**What you need to do**: Write out nothing but the lines from the one containing "Rug from the" through the last line below, both included, and without the pictures.

====== Dataset extract

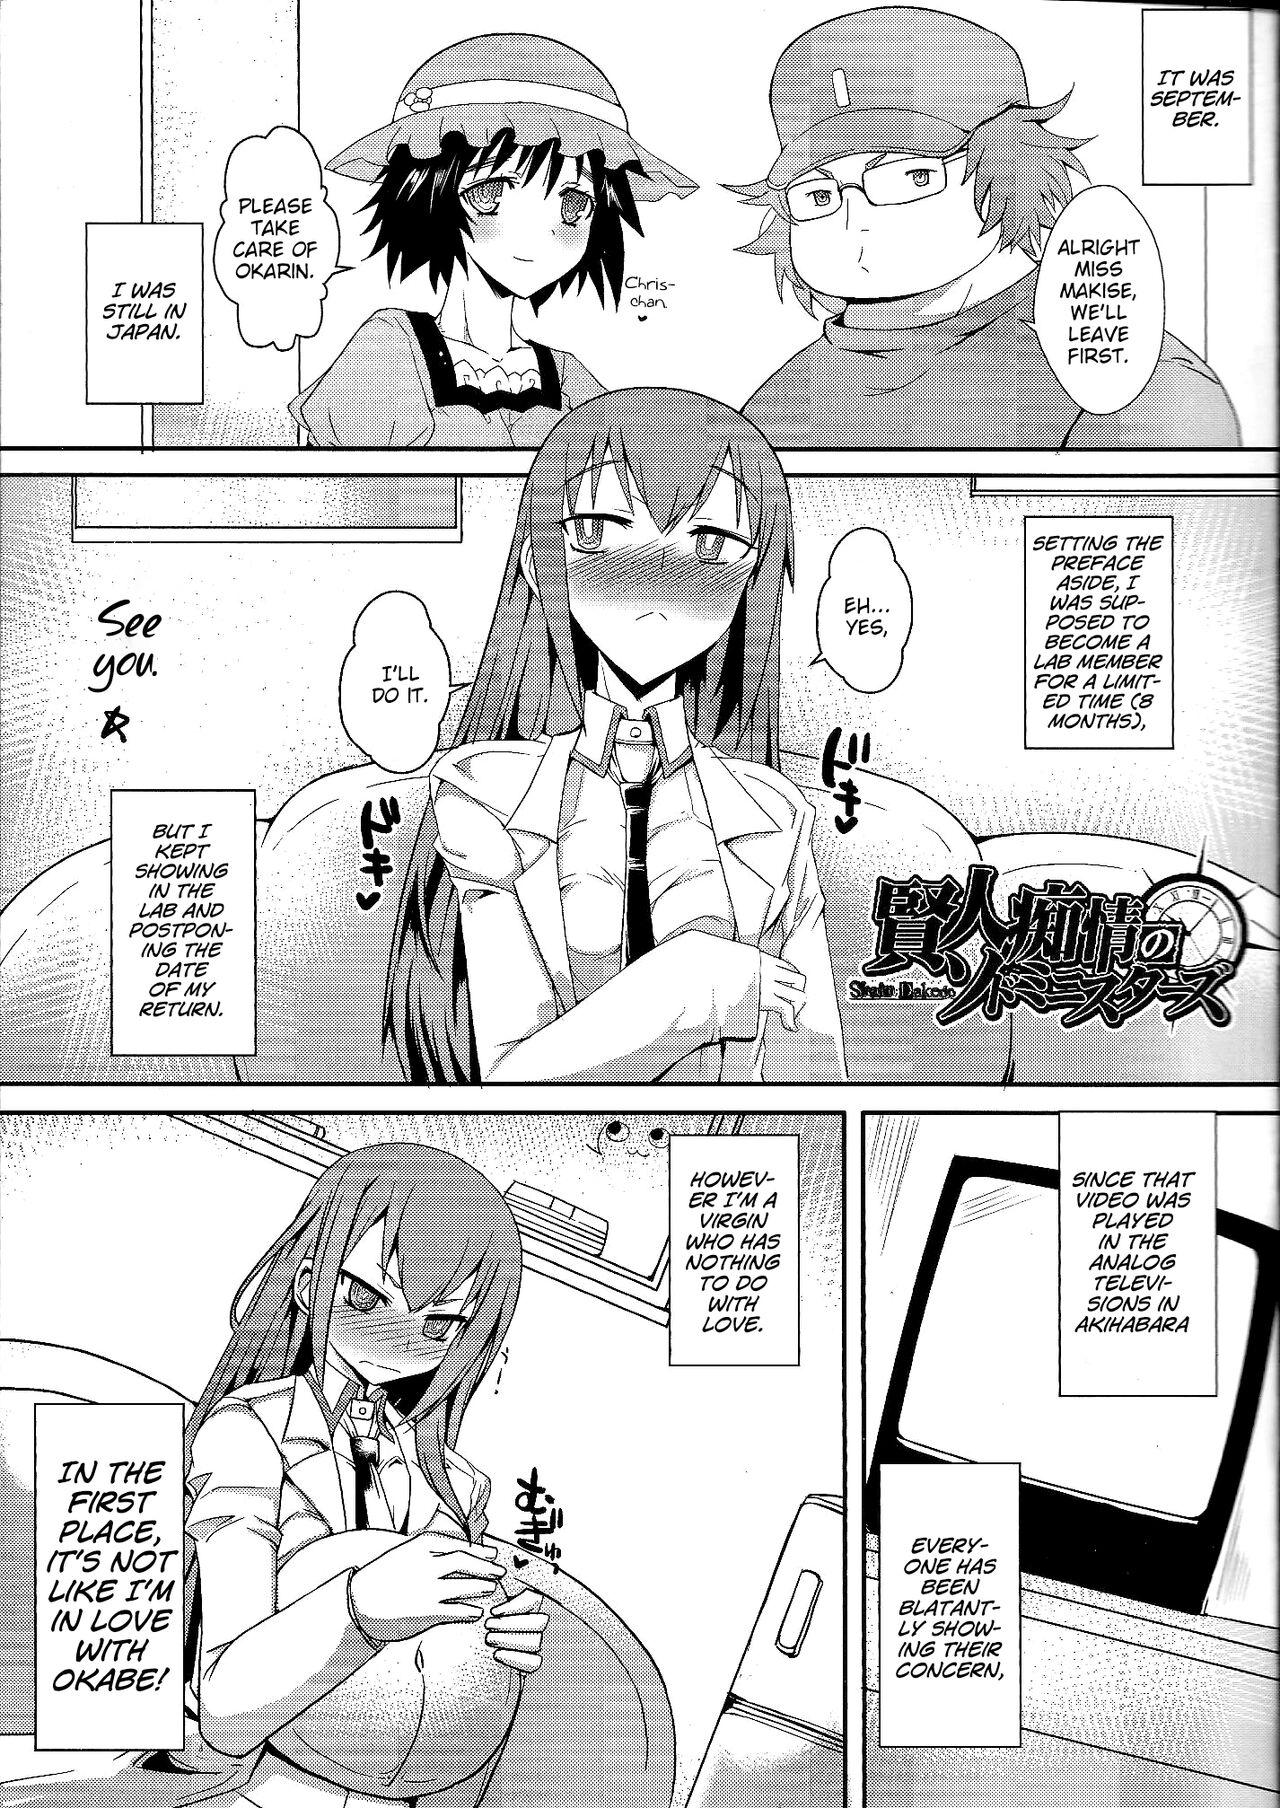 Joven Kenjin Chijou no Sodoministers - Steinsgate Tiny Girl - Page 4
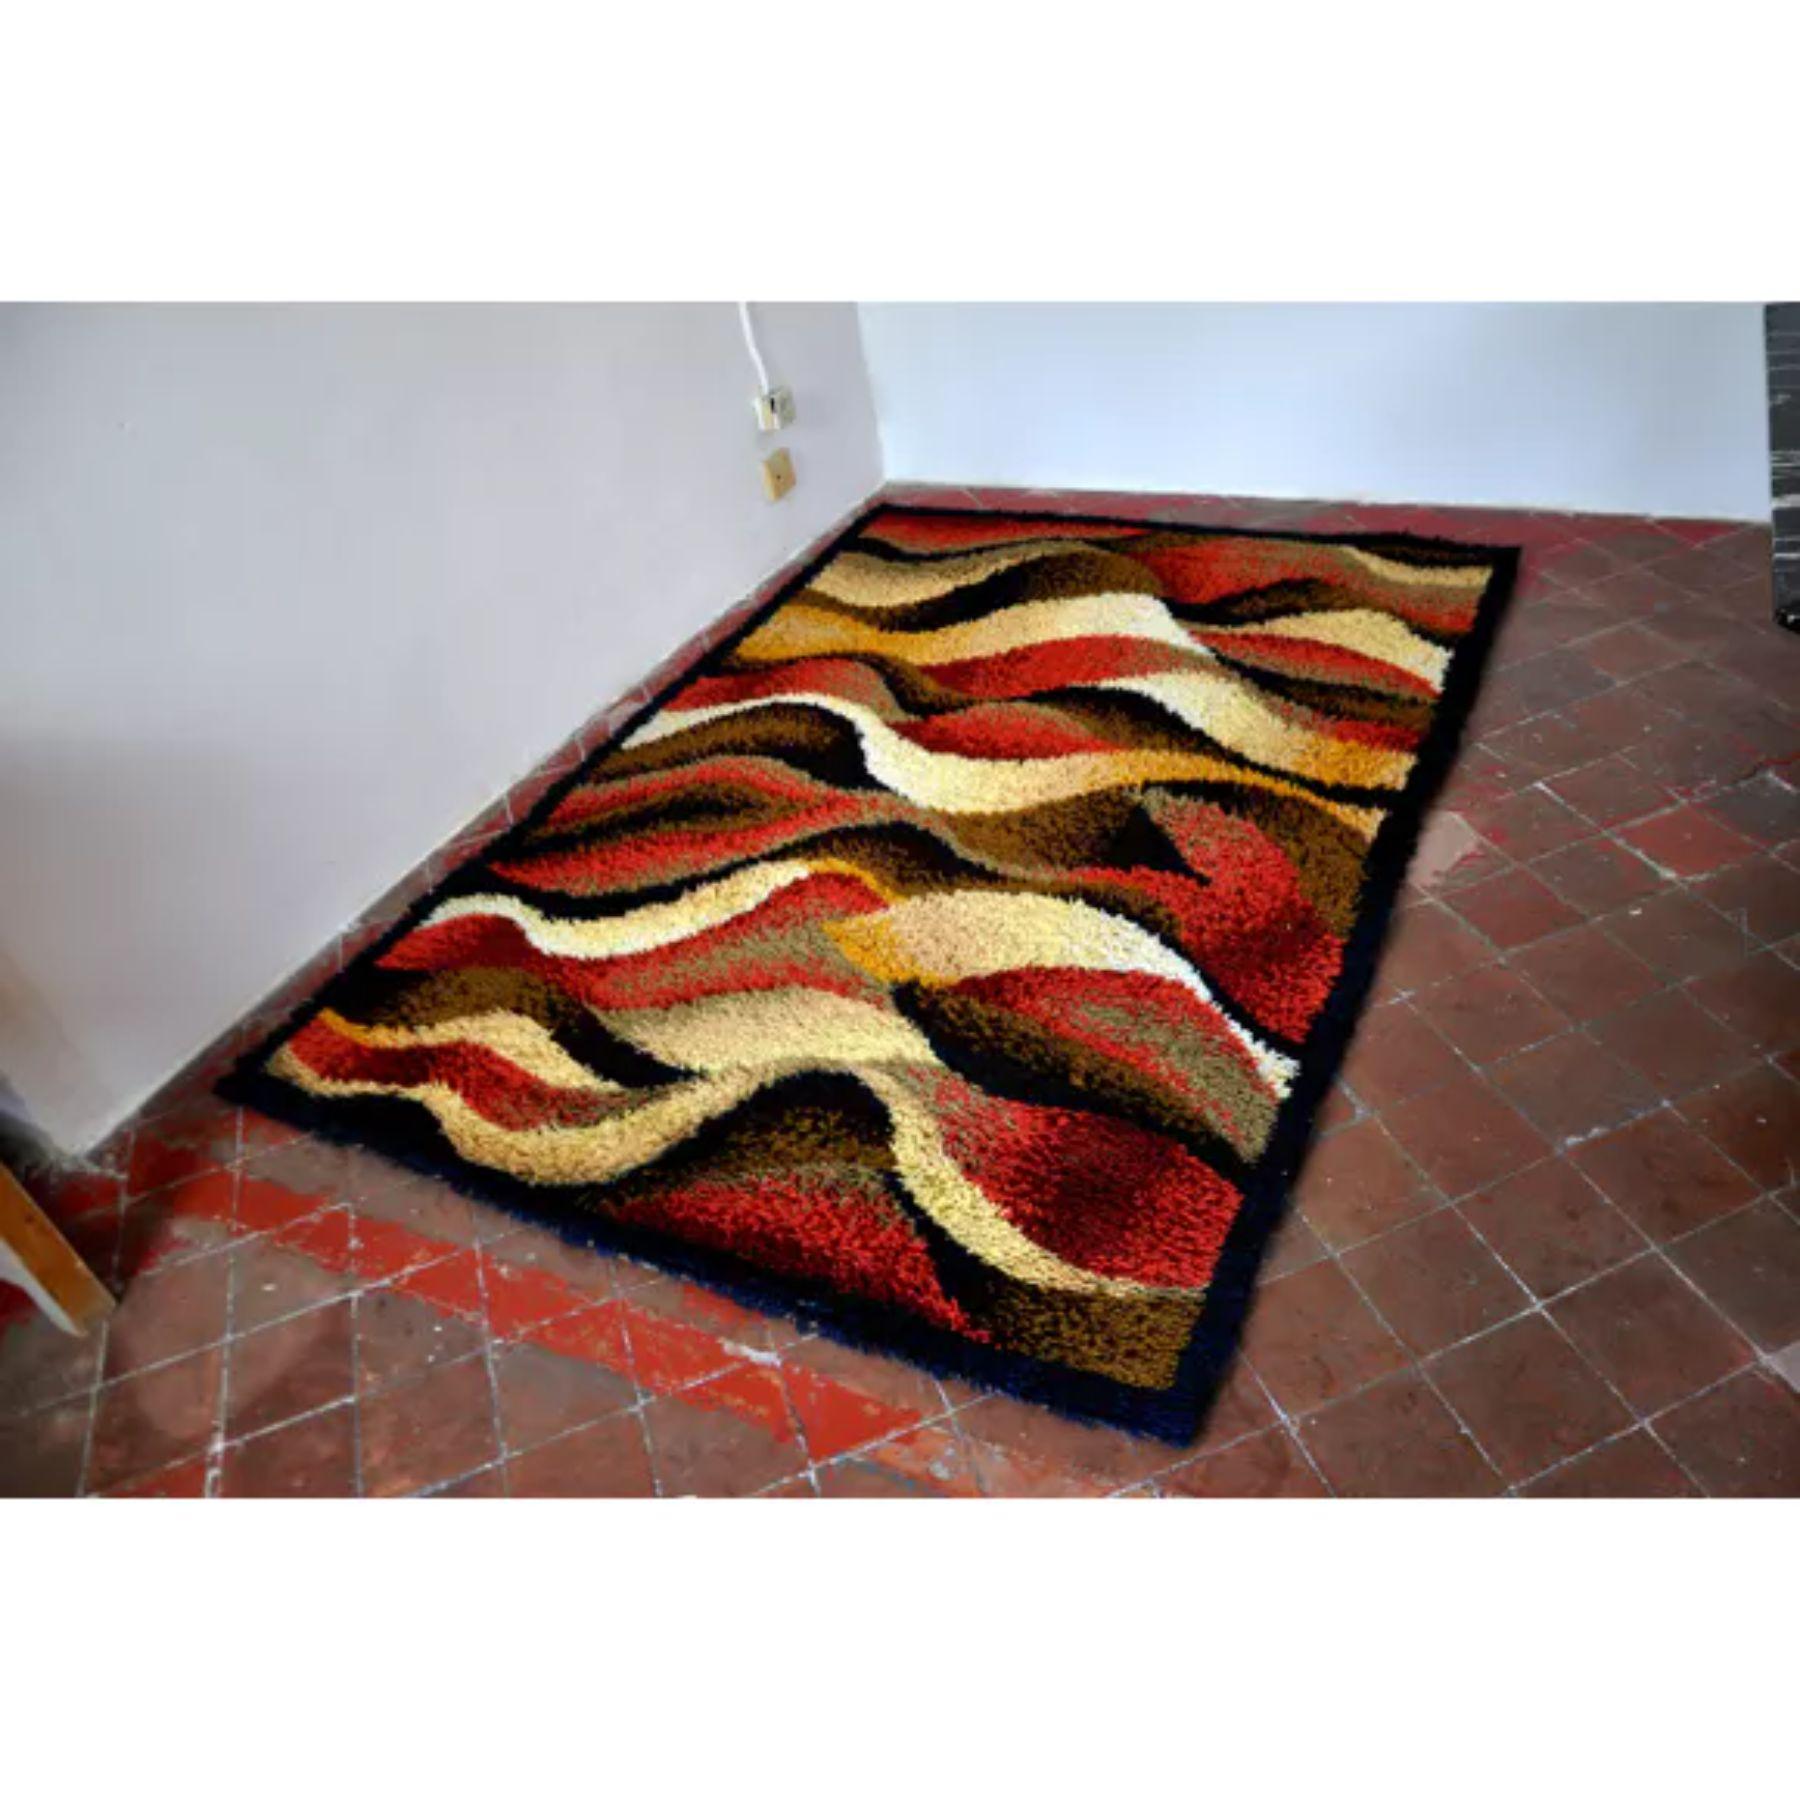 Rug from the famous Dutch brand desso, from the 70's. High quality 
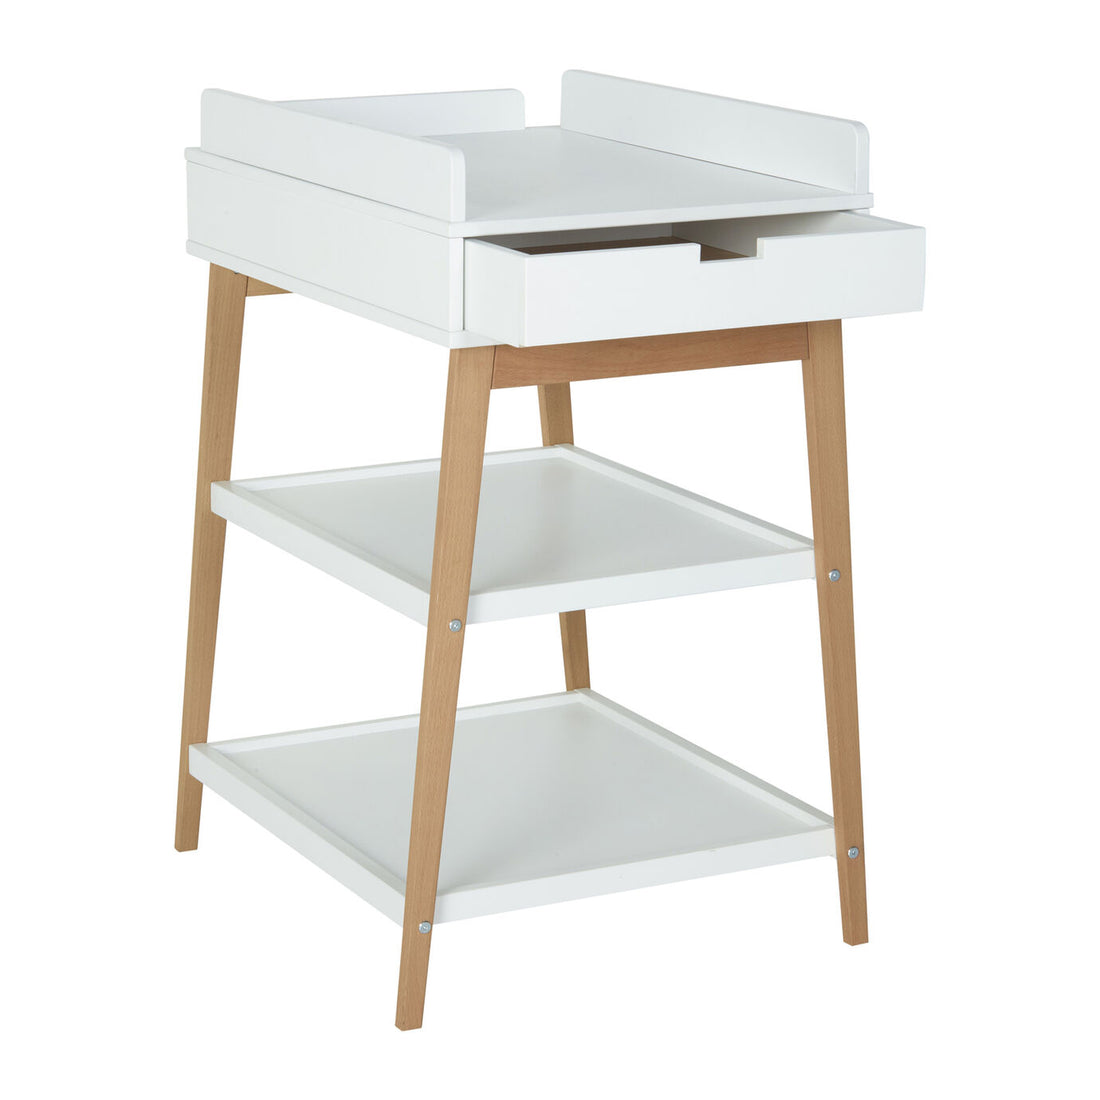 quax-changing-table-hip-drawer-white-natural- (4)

============

**Written answer**:
 Rug from the famous Dutch brand desso, from the 70's. High quality 
 quax-changing-table-hip-drawer-white-natural- (4)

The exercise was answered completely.